Google is giving a great chance to win 1000 $ for security experts through the bounty program by finding security flaws in Android apps. On 19 October 2017, Thursday Google makes an announcement about a bug bounty program named the “Google Play Security Reward Program”.  According to this program, Google will give a reward of 1000 $ to a security expert who finds security flaws in Android apps and then reports it to Google researchers.

As Google and large application developers always take care about the security of their users and try to provide secure, safe, and most comfortable users experience. Google Play Security Reward Program is running by Google to make applications that are listed on the play store more secure and safe. And through the security reward program google trying to make all applications free to all vocabularies, malicious software, hacking, and pushing, etc.

For running a security reward program Google has a partnership with HackerOne which is a website that manages bounty programs. HackerOne with creating a list of all applications and flaws such as those that allow a hacker to redirect a user to a phishing website or infect a gadget with a virus. In the list, all applications that are developed by many developers will be included and in the list, the applications those are developed by Google will also include.

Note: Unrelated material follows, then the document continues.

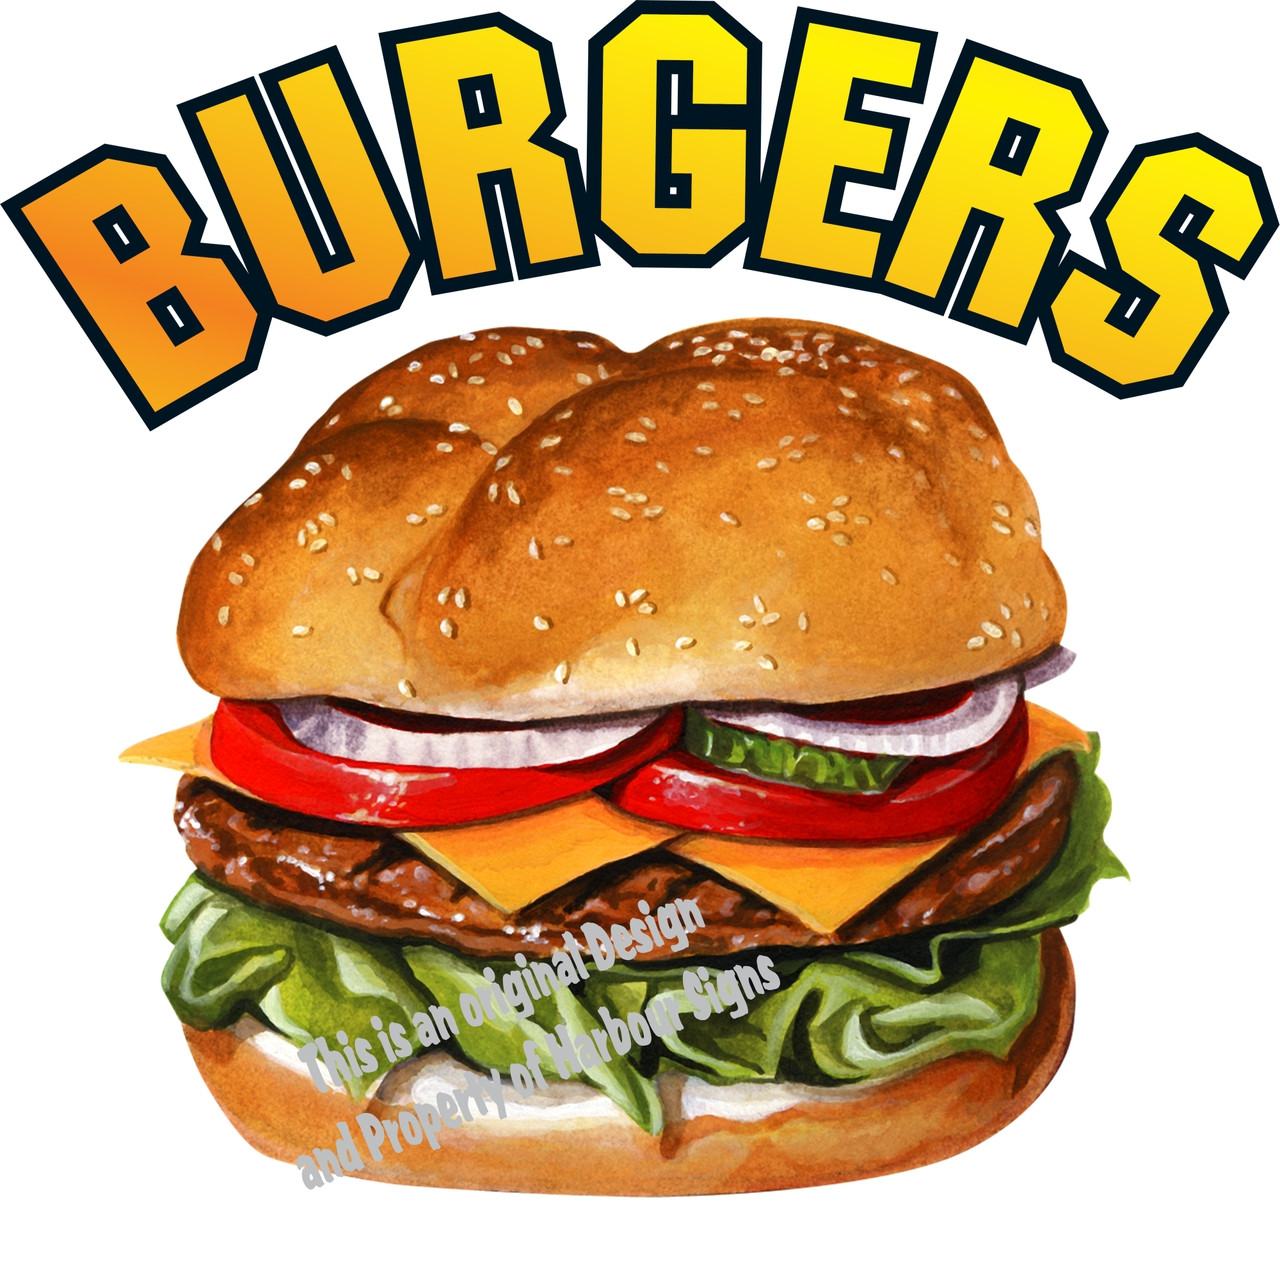 Burgers DECAL Choose Your Size & Color Concession Food Truck Sticker M

You Must Also Read:- Google Added " Try It Now " Button To Play Store By Using Instant Apps

The launch partners for this bug bounty are Alibaba, Dropbox, Duolingo, Headspace, Line, Mail.ru, Snapchat, and Tinder, with more to come in the future if the program proves to be successful.

All the application developers participating in the program must have their own coordinated disclosure program in place, Security researcher will be rewarded by Google Play Security Reward Program only after the vulnerability is made public by the participating company. Once the vulnerability is publicized, the discoverer will have 90 days to apply for the additional reward from Google. As the bug bounty is there purely to provide an additional bonus payment over and above what is offered by each participating company, the bug bounty currently only has one payment tier; $1,000 for remote code execution.

On the official page of Google Play Security Reward Program Google published," The Google Play Security Reward Program recognizes the contributions of security researchers who invest their time and effort in helping us make apps on Google Play more secure. All Google’s apps are included and developers of popular Android apps are invited to opt-in to the program. Interested developers who aren’t currently in the program should discuss it with their Google Play partner manager. Through the program, we will further improve app security which will benefit developers, Android users, and the entire Google Play ecosystem. ".

Procedure To Claim Reward From Google:- 

 Google clearly announced that google will not work directly with the researcher for a reward program to claim the reward user must have to identify the vocabulary on the in-scope application. After identifying vocabulary in the application researcher must report about vocabulary to the developer if that application then the developer and researcher will work together to resolve the identified vocabulary. After resolving the vocabulary issue the researcher can contact google to claim the reward. The Play Security Reward Program will evaluate each submission based on the above Vulnerability Criteria and reward accordingly. A reward of $1000 will be rewarded for issues that meet these criteria. Any and all reward decisions are ultimately at the discretion of the Google Play Security Reward Program. In the future, other vulnerabilities may be introduced into scope.